# Preprocessing

In this notebook, we will be preprocessing the data for machine learning models.

***

# Import libraries + Scripts

In [1]:
# Setting PYTHONHASHSEED
import os
print('Make sure the following says None: ', os.environ.get('PYTHONHASHSEED'))
os.environ['PYTHONHASHSEED'] = '0'
print('Make sure the following says 0: ', os.environ.get('PYTHONHASHSEED'))

Make sure the following says None:  None
Make sure the following says 0:  0


In [2]:
# Importing libraries
import sys
import os
from pathlib import Path

import pandas as pd
import numpy as np
import math

import matplotlib.pyplot as plt
import seaborn as sns
from IPython.display import display
import missingno as msno

# Setting seed
np.random.seed(42)

# To importing script
sys.path.append('./py_scripts')
import A_eda as A

# Importing functions from A
from A_eda import plt_show

In [3]:
# Importing data + variables
adclicks = A.adclicks
test_set = A.test_set
categoricals = A.categoricals

***

# Data Cleaning

We will be performing necessary data transformations and handling missing data in this section.

In [None]:
# Checking all the missing values
missing_values = adclicks[adclicks.isnull().any(axis=1)]
missing_values

Almost all of our rows (7361 out of 8000) are missing one or more features.

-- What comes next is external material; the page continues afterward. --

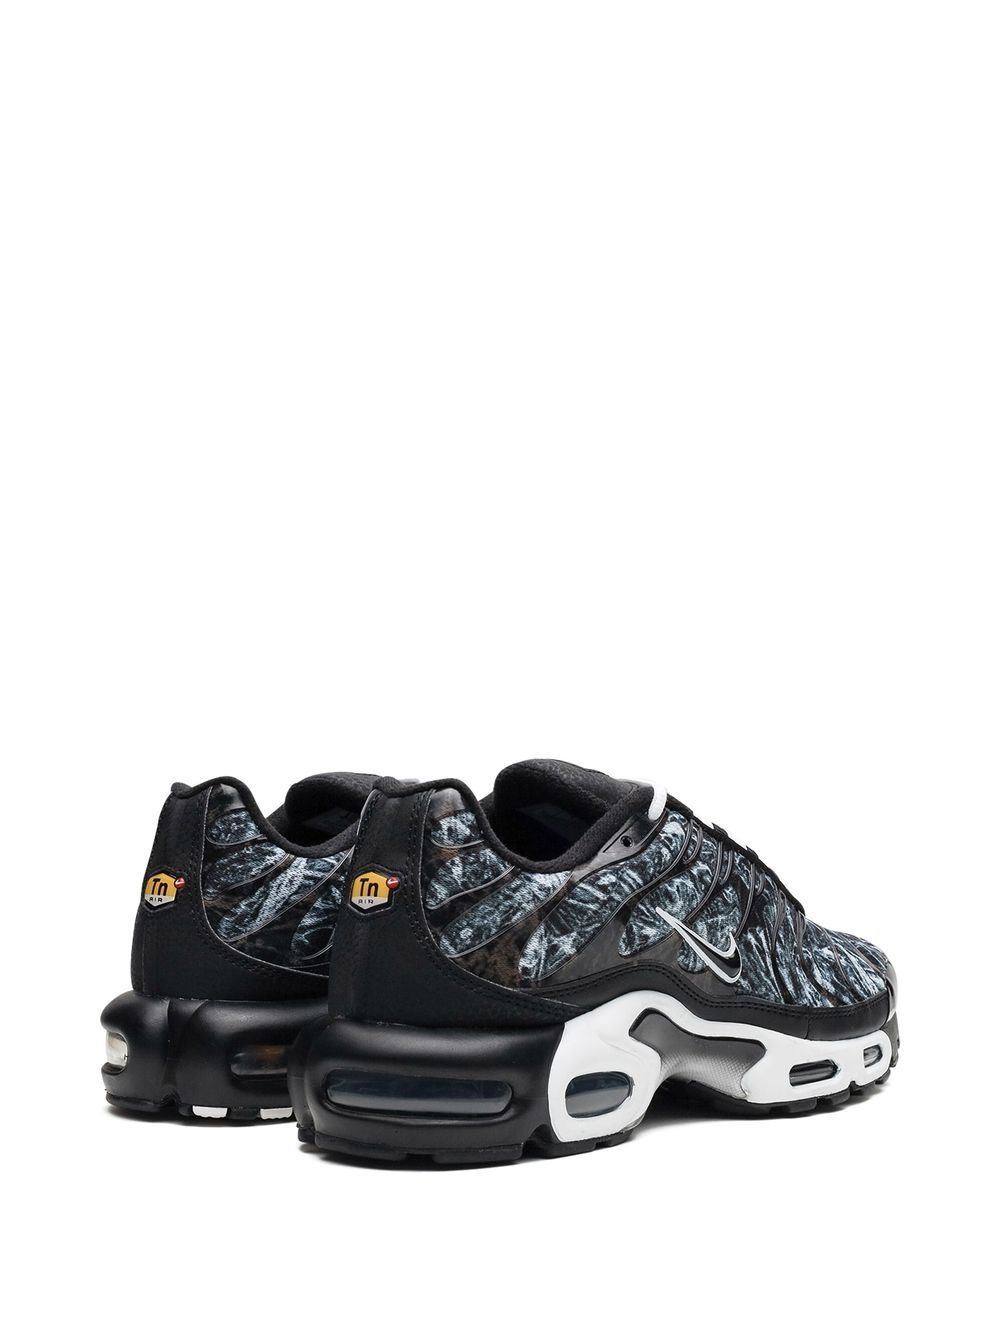 Air Max Plus AMP "Shattered Ice" sneakers - 3

A possible method of imputation is the MICE (Multivariate Imputation of Chained Equations), but it is best suited for data that is MAR (Missing At Random). Let us check this assumption below:

***

## Imputing with MICE

Next, we will be imputing our missing values using the MICE method.

In [None]:
categoricals

In [None]:
# Function to encode each categorical column (training and testing)
from sklearn import preprocessing

def encode_training(df, encode_columns):
    encoders = {col: preprocessing.LabelEncoder() for col in encode_columns}
    labels = {}

    # Encoding for each categorical variable and joining in new dataset
    for col, encoder in encoders.items():
        encode_col = f'{col}_en'
        encoded_col = encoder.fit_transform(df.loc[:, col])
        
        # Print label mapping
        labels[col] = (dict(zip(encoder.classes_, encoder.transform(encoder.classes_))))
        print(labels[col])
        df[encode_col] = encoded_col
    
    return encoders, labels

def encode_test(df, encoders):
    for col, encoder in encoders.items():
        encode_col = f'{col}_en'
        encoded_col = encoder.transform(df.loc[:, col])


In [None]:
# Encode training set + test set
encoders, labels = encode_training(adclicks, categoricals)
adclicks.head()

In [None]:
# Make NaN equivalent to NaN agains
for col in encoders:
    col_labels = labels[col]
    encode_col = f'{col}_en'
    adclicks[encode_col] = adclicks[encode_col].map(lambda x: np.nan if x == col_labels[np.nan] else x)
    
adclicks.head()


In [None]:
# Imputing with IterativeImputer
from sklearn.experimental import enable_iterative_imputer
from sklearn.impute import IterativeImputer
from sklearn.ensemble import RandomForestRegressor

imputer = IterativeImputer(max_iter=10, random_state=0)
imputed_df = imputer.fit_transform(adclicks)